> _Assigned task_
Start to finish, print the data below exactly, without the images.

> _Source material_

<<<<

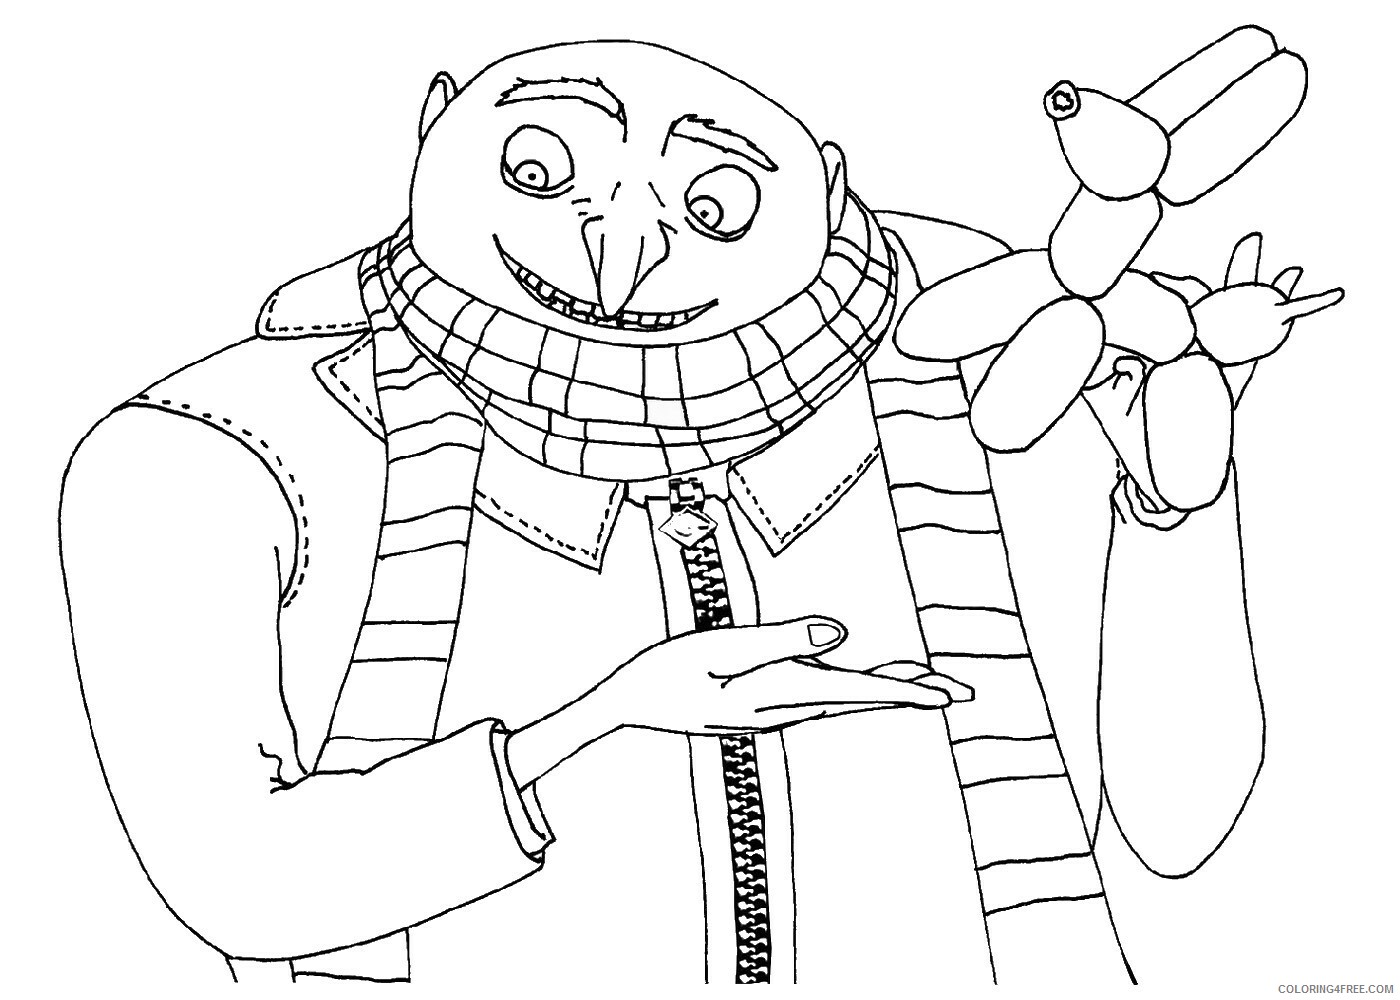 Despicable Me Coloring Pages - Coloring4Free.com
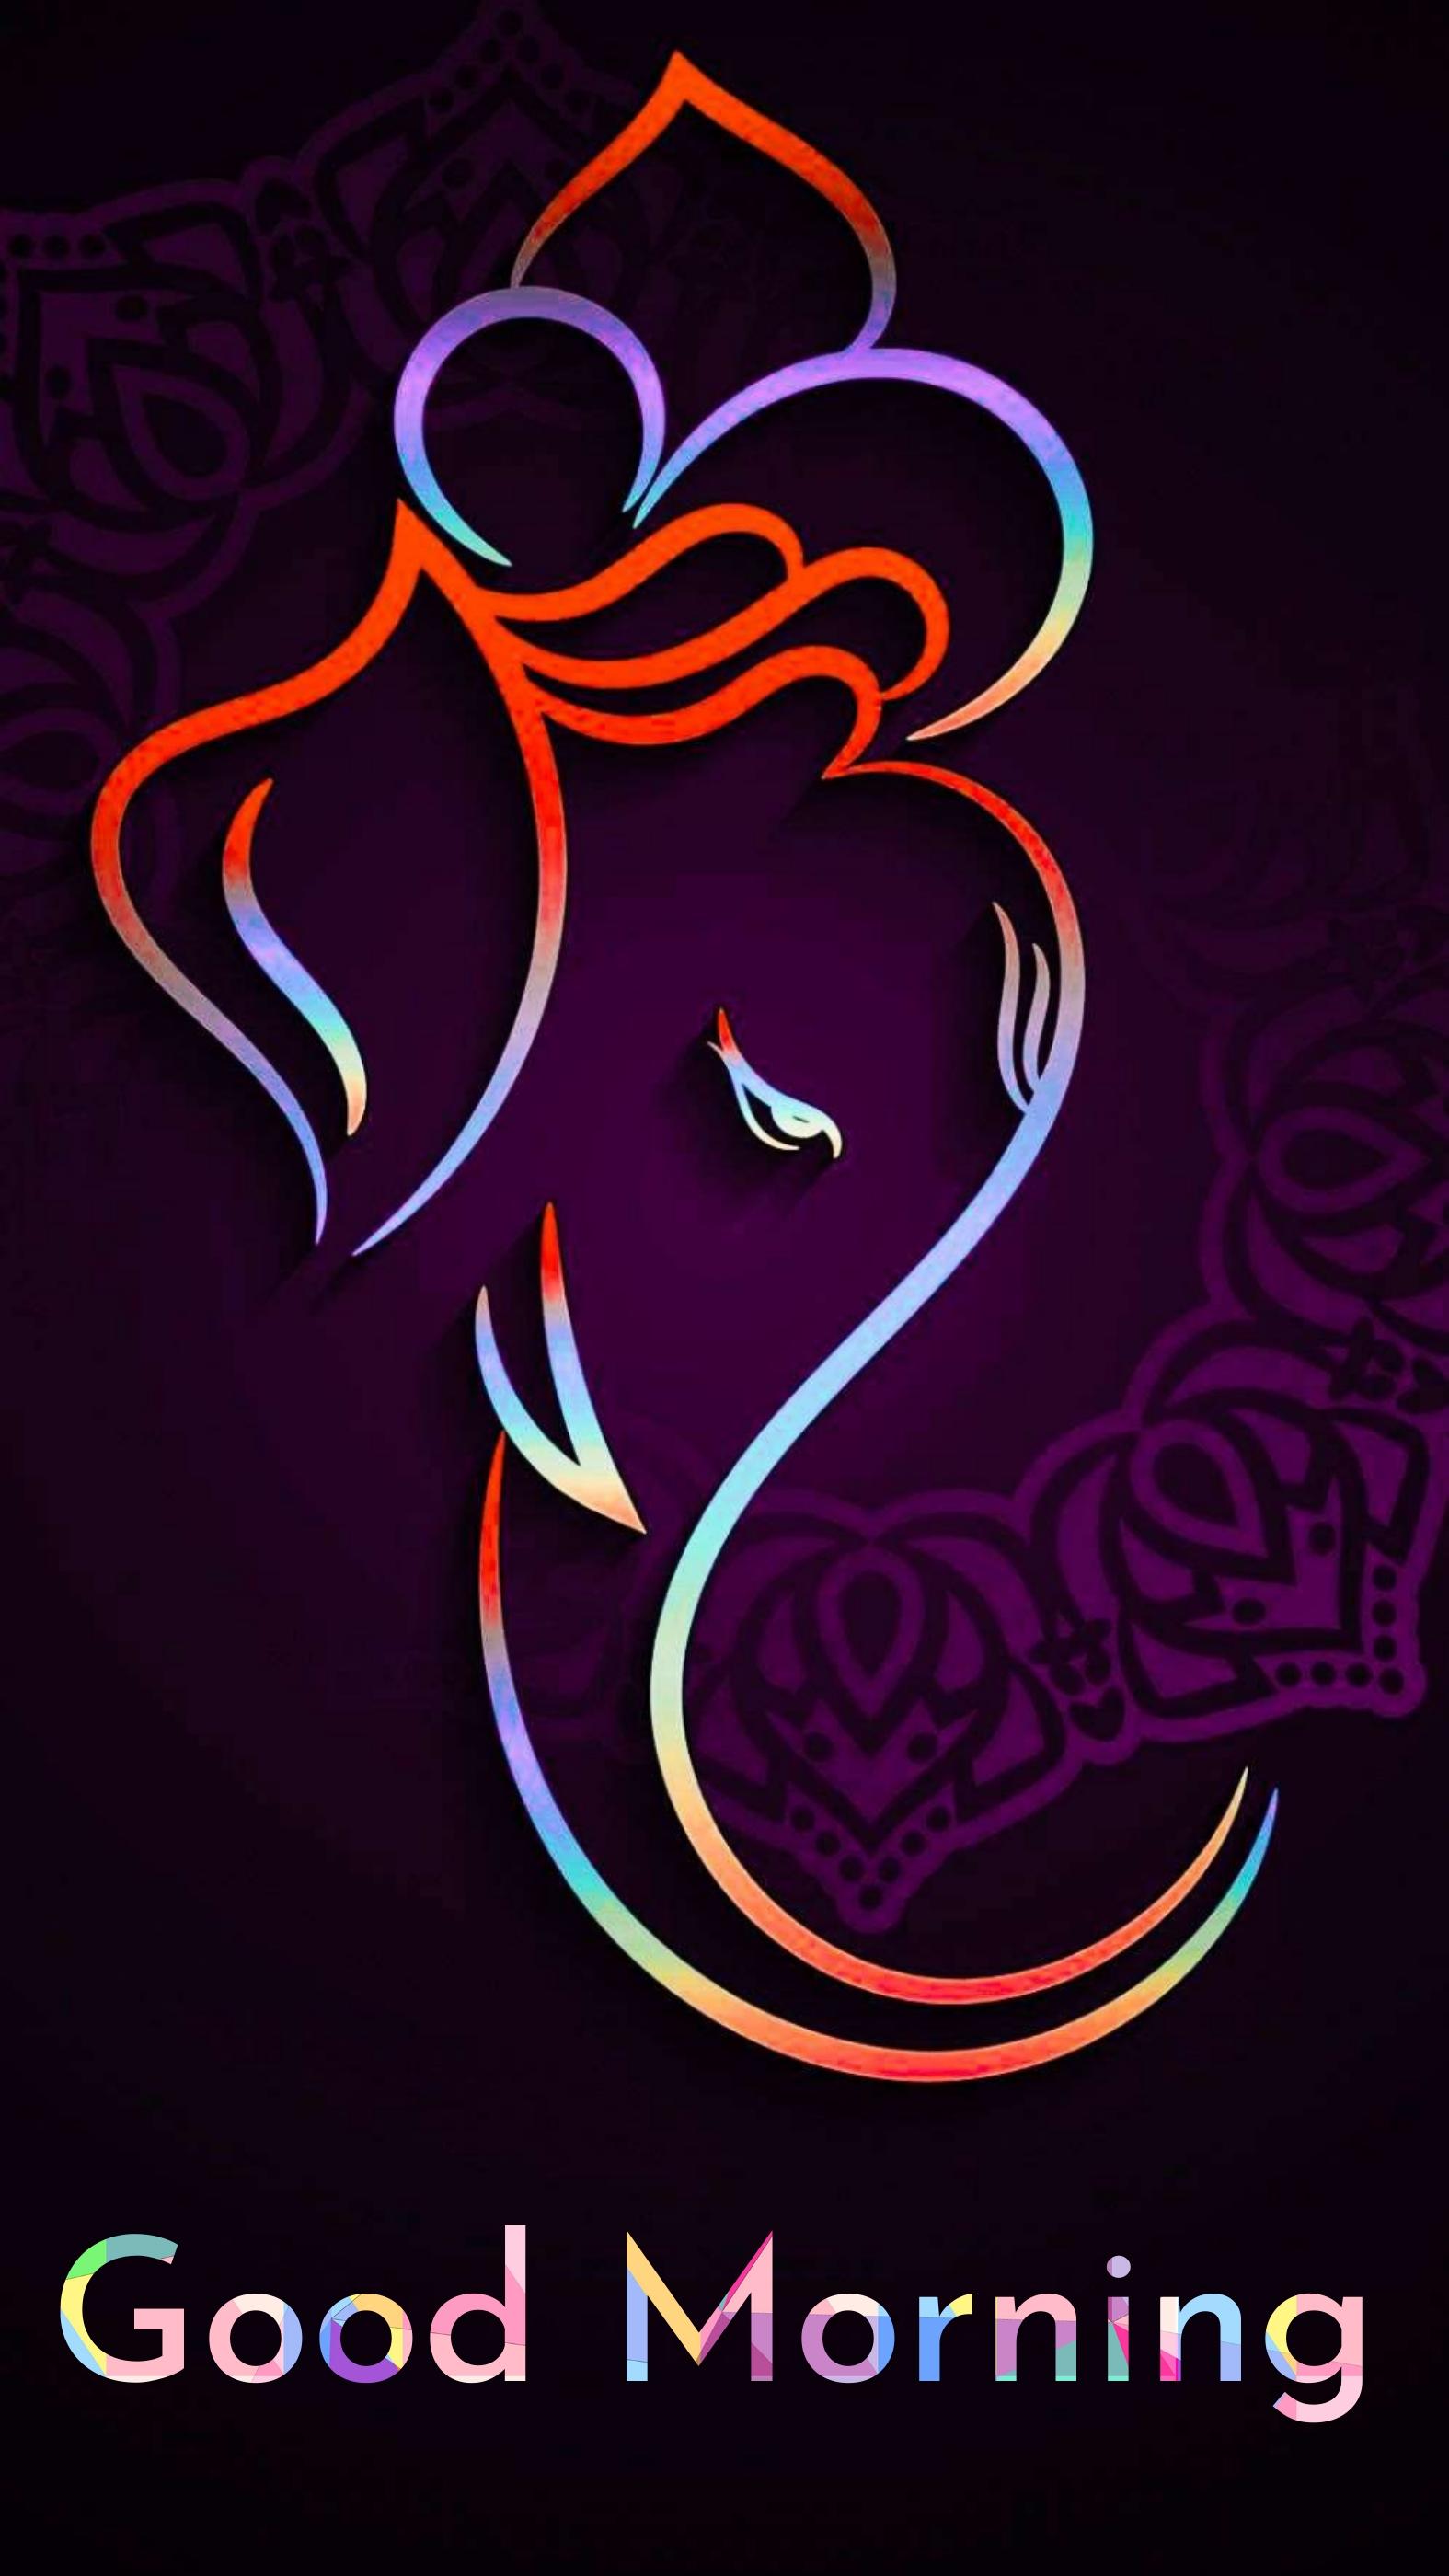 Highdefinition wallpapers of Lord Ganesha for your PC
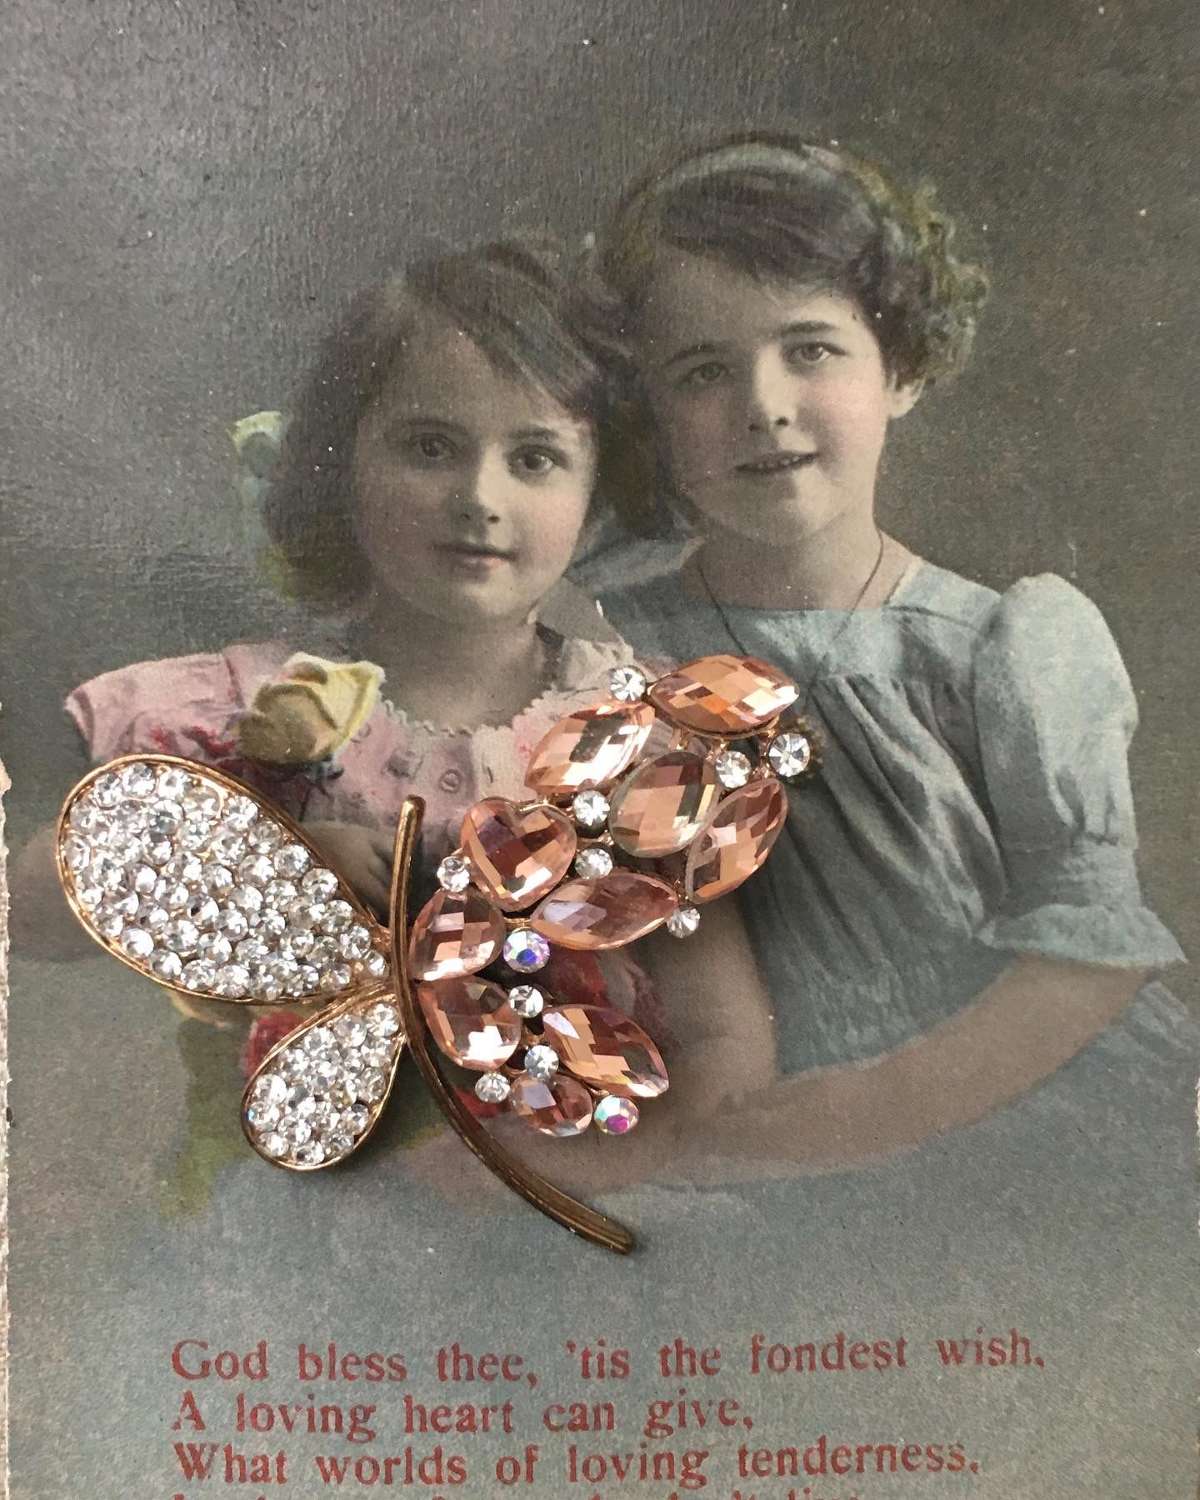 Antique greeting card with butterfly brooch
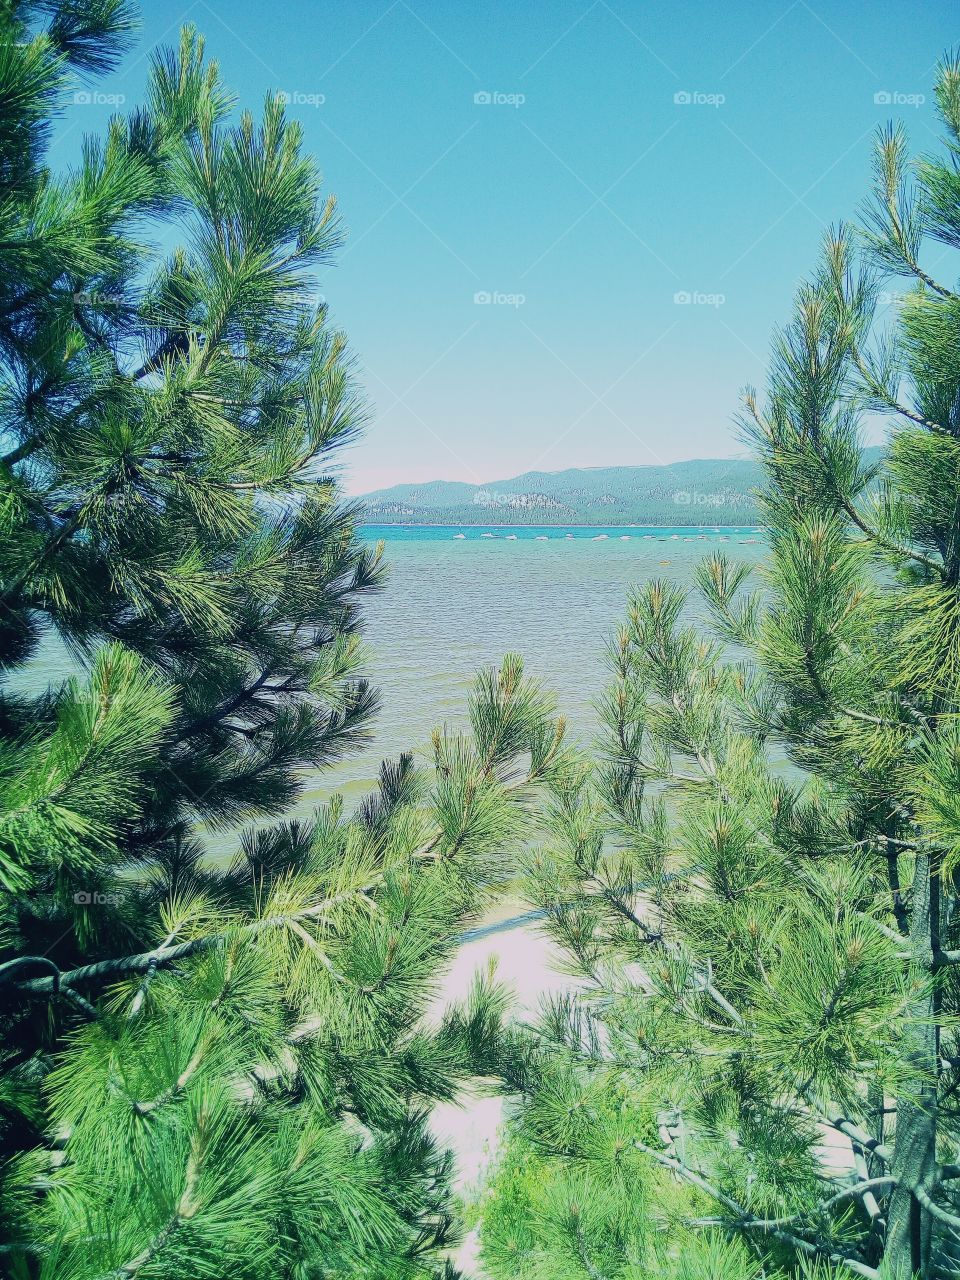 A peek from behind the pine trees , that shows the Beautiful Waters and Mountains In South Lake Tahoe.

>>>>

> _Result below_
 Despicable Me Coloring Pages - Coloring4Free.com
 Highdefinition wallpapers of Lord Ganesha for your PC
 Antique greeting card with butterfly brooch
 A peek from behind the pine trees , that shows the Beautiful Waters and Mountains In South Lake Tahoe.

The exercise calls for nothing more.